COSC 201: Computer Organization

Homework 2: Instruction Set Architecture

Learn about the criteria for designing a good instruction set architecture.
Work in teams of two to design an instruction set for a simple machine with 8-bit instructions.
Read Chapter 2 of the textbook.
Files to Use
What to Hand In
Each team must turn in a typed description of the instruction set and assembly code.

Machine Language Specifications

  1. The addi (add immediate) instruction adds an immediate value (a small signed integer within the instruction) to the value in a register, and places the result back into the same register. The addi instruction sets one of the internal zero or negative condition codes depending on the value of the result.

  2. Arithmetic and logical instructions operate on the values in the specified source and destination registers and (with the exception of cmp) place the result in the destination register. For example:

    add $0, $1 # r0 = r0 + r1
    cmp $2, $3 # r2 - r3 (set condition codes only, discard result)

    These instructions must include add (addition), sub (subtraction), and cmp (comparison). All of these instructions set one of the internal zero or negative condition codes depending on the value of the result.

  3. The lw (load word) and sw (store word) instructions add a 2-bit immediate value to the value in one register (ra) to calculate a memory address, then either load the value of the memory word at that address into another register (rw) or store the register's value at the calculated memory address. For example:

    lw $1, 1($0) # r1 = memory[r0+1]
    sw $2, 0($0) # memory[r0] = r2

  4. Branch instructions behave as follows. If the condition indicated by the 2-bit condition code in the instruction is true (it matches the code stored by the previous instruction), the next instruction to be executed is located in memory at the address given by adding the immediate address offset (a 4-bit signed integer within the instruction) to the address of the next instruction.
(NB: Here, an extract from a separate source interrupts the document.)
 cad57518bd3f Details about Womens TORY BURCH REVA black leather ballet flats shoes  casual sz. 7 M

Otherwise, the next instruction in order is executed.

    The condition is based on the result of the immediately previous arithmetic/logical instruction:


What to Hand In

A typed write-up of your instruction set, including a diagram of the field layout for each type of instruction, a description of what the values in each field mean, and the assembly language notation for each instruction. Explain the choices you made in the design of your instruction set. If you add any instruction(s) with a different format, explain their format.
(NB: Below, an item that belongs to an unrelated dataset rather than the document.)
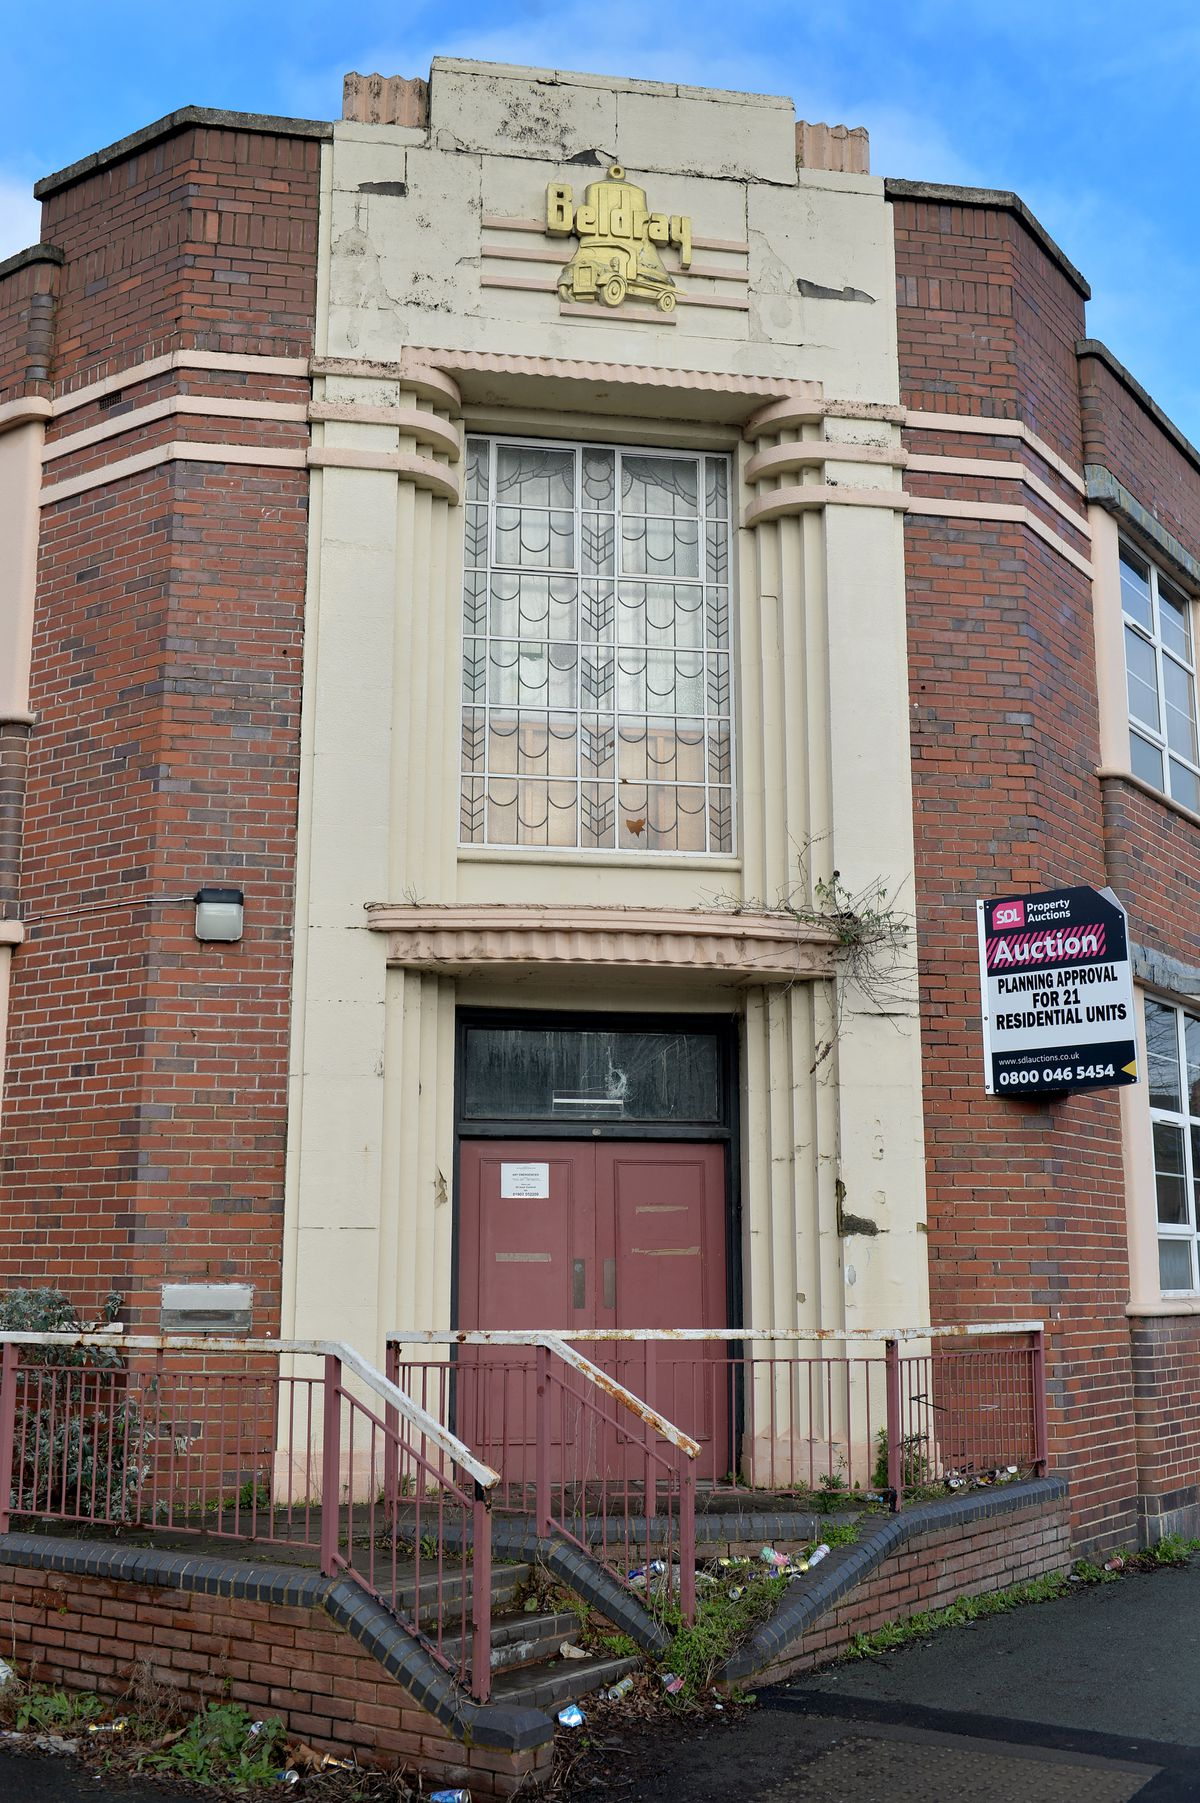 The two-storey Beldray building in Mount Pleasant, Bilston

Translate one or both of the following C++ code segments into functionally equivalent assembly code for your machine. You may use any additional instructions that you invented.

Code Segment 1

sum = 0;
for (k = 0; k < n; k++)
    sum += k;

Code Segment 2

sum = 0;
for (k = 0; k < n; k++)
    sum += list[k];

Assume the following initial register assignments:

Register Value
0 the memory address of list[0]
1 sum
2 k
3 n


First try to write assembly code assuming that there are no limits on the number of available registers or the size of immediate values within instructions, then modify your code to take these limitations into account. If you cannot completely satisfy these limitations in your assembly code, then clearly explain which of these limitations are violated.